The world can be a confusing place for your toddler, who is beginning to become more and more aware of her environment. This heightened awareness, along with a vocabulary boom, can lead to frequent (and sometimes uncomfortable) questions. Curious toddlers at this age may be limited to more basic, two-word questions, but they’re also just getting started. As your toddler learns more about both communication and the world, there’s a good chance she will start to get more and more vocal about how she expresses her curiosity.

Learning how to field awkward questions now will be good practice for when she grows, as her ability to stop you in your tracks with unexpected inquiries will only expand from here. For now, here are some tips for dealing with those tricky questions from your tot.

  • Keep it age appropriate: A common question that makes parents squirm is, you guessed it, that one about body parts. As Baby begins to explore and identify her own body parts, she will eventually figure out that not all people look the same – especially if she has a sibling of another sex. Generally, replying with a simple answer that’s both scientific and brief makes for a starting point, and leaves the door open for more involved discussions when she is a little older, while still satisfying her curiosity.
  • Be sensitive to others: There will be questions Baby asks in public that make you want to disappear, but it’s important to respond, even if you are embarrassed.

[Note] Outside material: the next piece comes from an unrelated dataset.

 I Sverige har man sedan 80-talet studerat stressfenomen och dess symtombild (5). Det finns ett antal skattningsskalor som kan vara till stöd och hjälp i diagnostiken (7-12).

Suppose she asks you about the color of another person’s skin, or a physical impairment. Remember, adults understand that children are curious people, and aren’t trying to be rude, and generally won’t be upset with a toddler for noticing a difference. The key is to be tactful in your response by answering your toddler’s question while being respectful to the person she is asking about. An answer like, “Because everyone is different, just in the way your eyes are blue, and mine are brown,” can go a long way by acknowledging the question, while noting that differences are normal.

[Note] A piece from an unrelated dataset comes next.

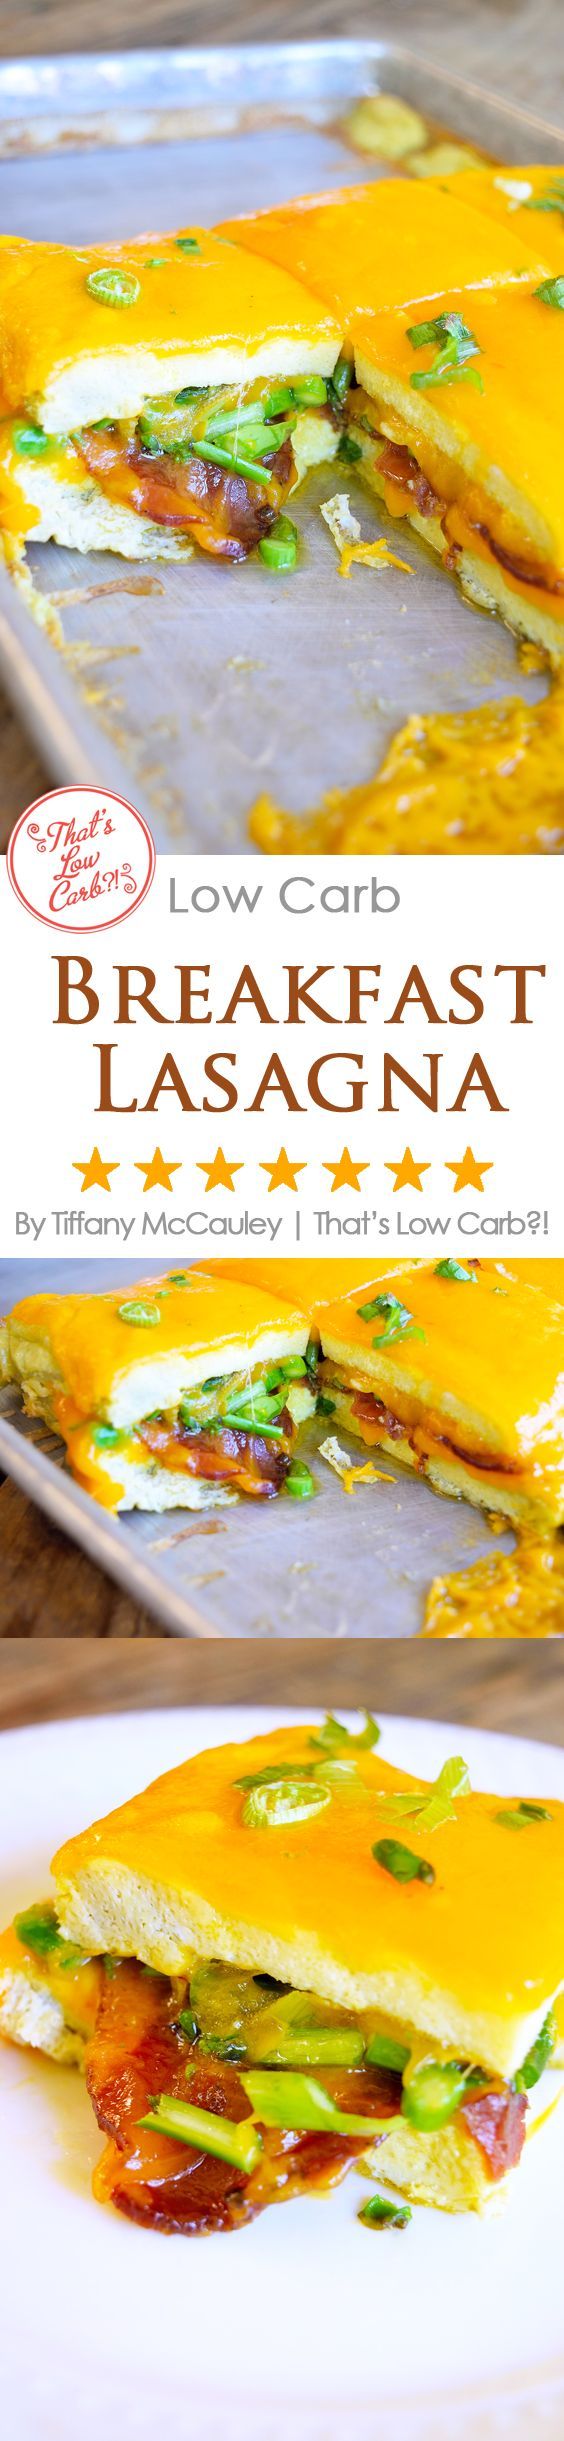 Low Carb Recipes | Breakfast Lasagna Recipe | Egg Recipes | Breakfast Recipes | Low Carb ~ https://www.thatslowcarb.com

  • Redirect when needed: Some toddlers who notice that asking questions gets a certain response from you may keep asking as a way of seeking attention, or even just because they are bored. If they’ve asked a tough question you feel you’ve answered adequately, it is your right to move on from the subject, but moving on in a way that doesn’t feel dismissive to Baby shows that you respect her curiosity. Telling her, “I think we have covered that, and you seemed to understand, so why don’t we go to the kitchen and get a snack now?” lets her know that there’s nothing wrong with asking questions, while at the same time getting the two of you past the moment. Another way to move the conversation forward is to let her know that if she thinks of more questions about a certain subject, she can ask more at bedtime. Odds are, the interest will dissipate as time passes.

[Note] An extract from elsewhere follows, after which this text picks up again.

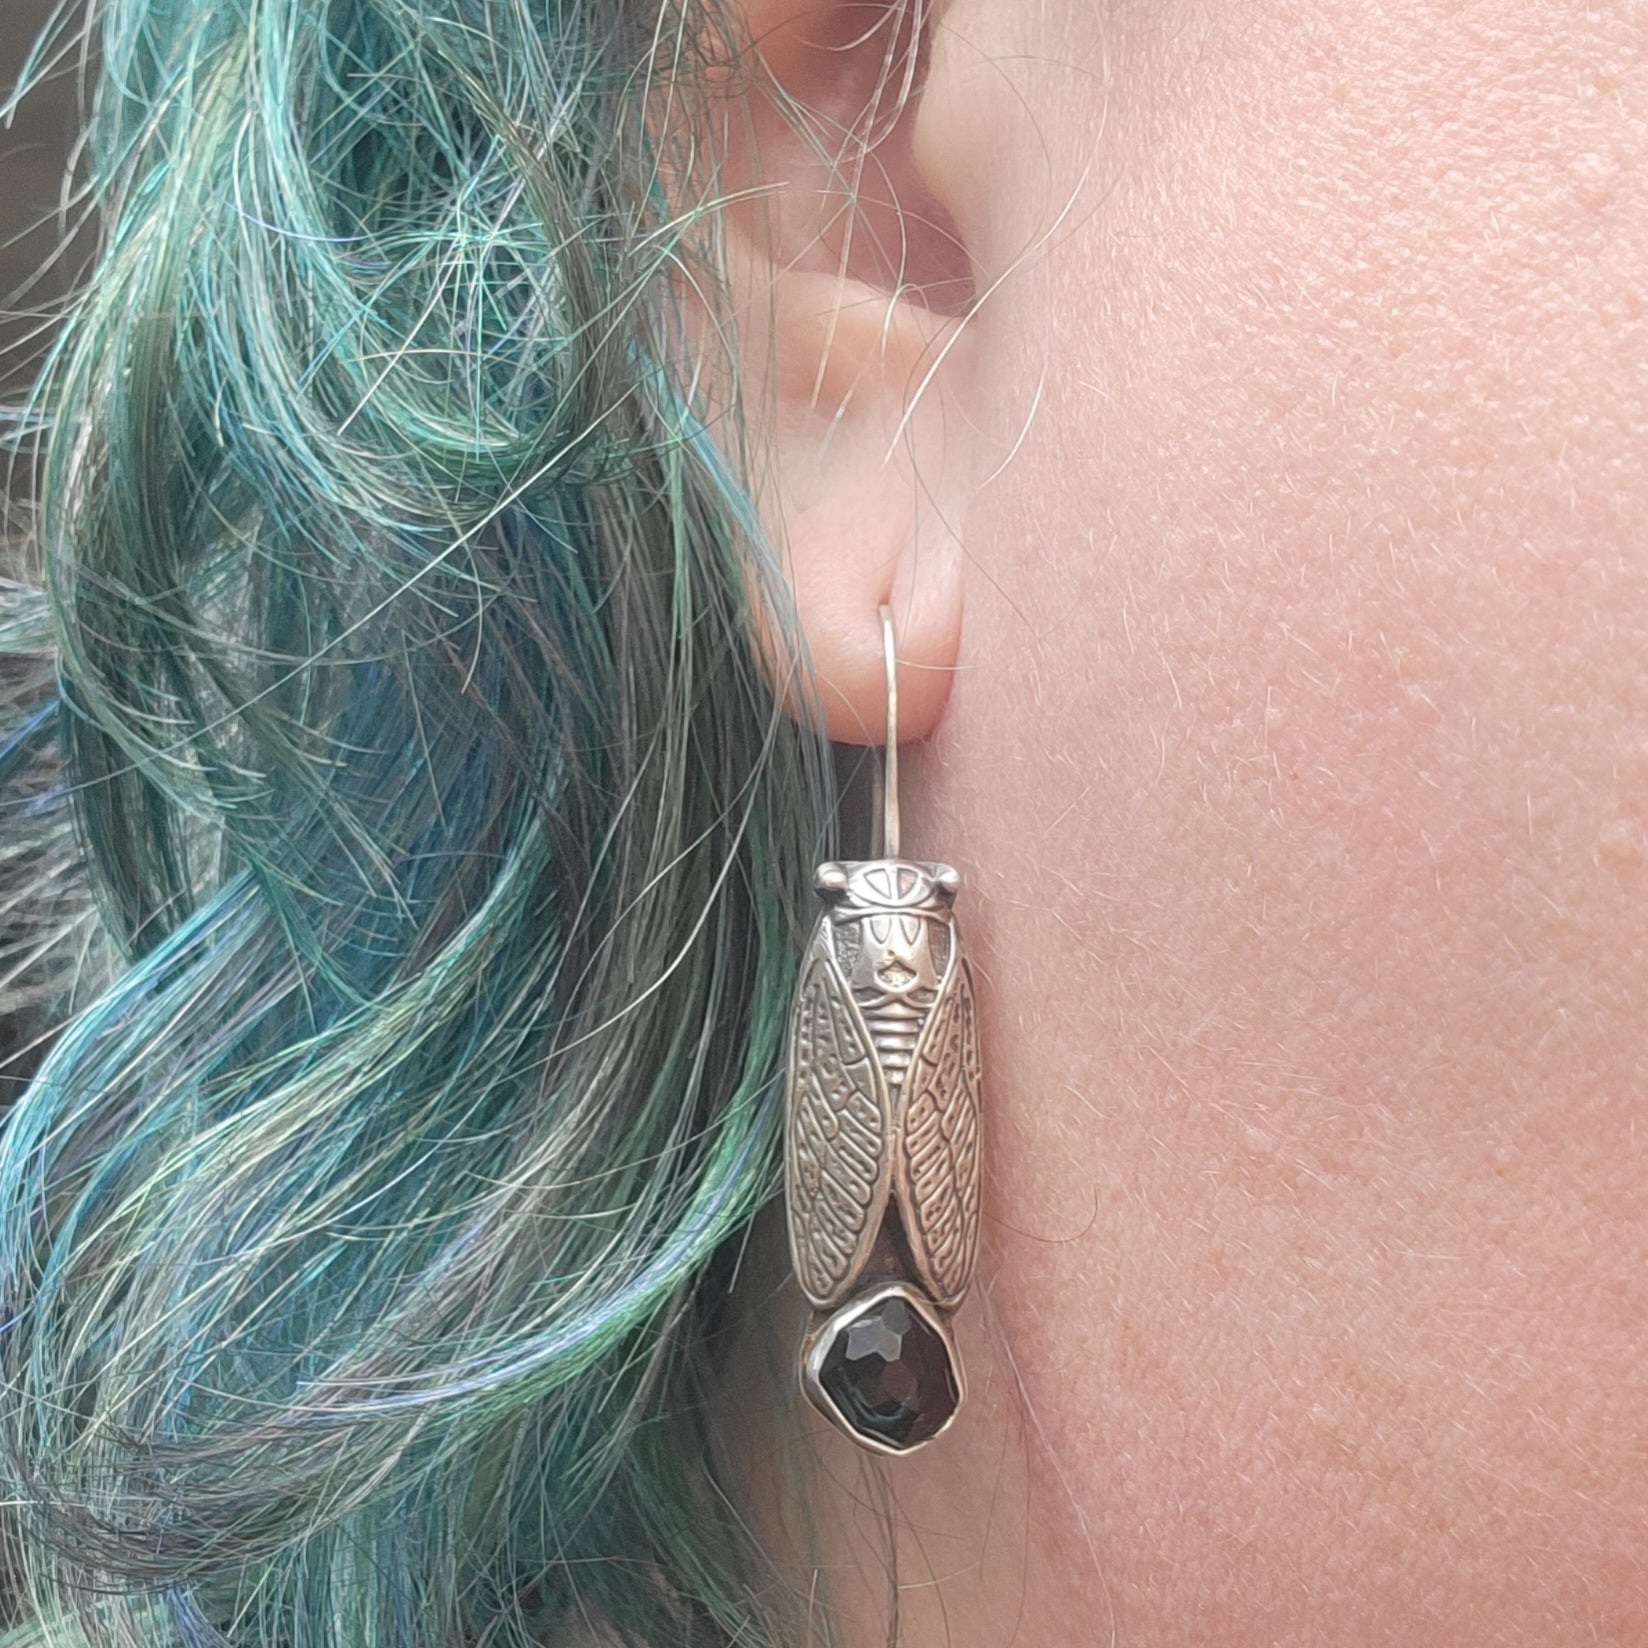 Blue Topaz Cicada Earrings in Sterling Silver

It’s normal to feel stumped when Baby hits with a tricky question, especially as her vocabulary begins to take off, and you’re surprised she has even taken notice of what she is asking about. At this age, children are tuned into your responses, and the reactions and information they absorb from adults help to shape how they think about the world. As your child gets older, your answers will need to become more in-depth, so enjoy this phase when simple answers will do the trick!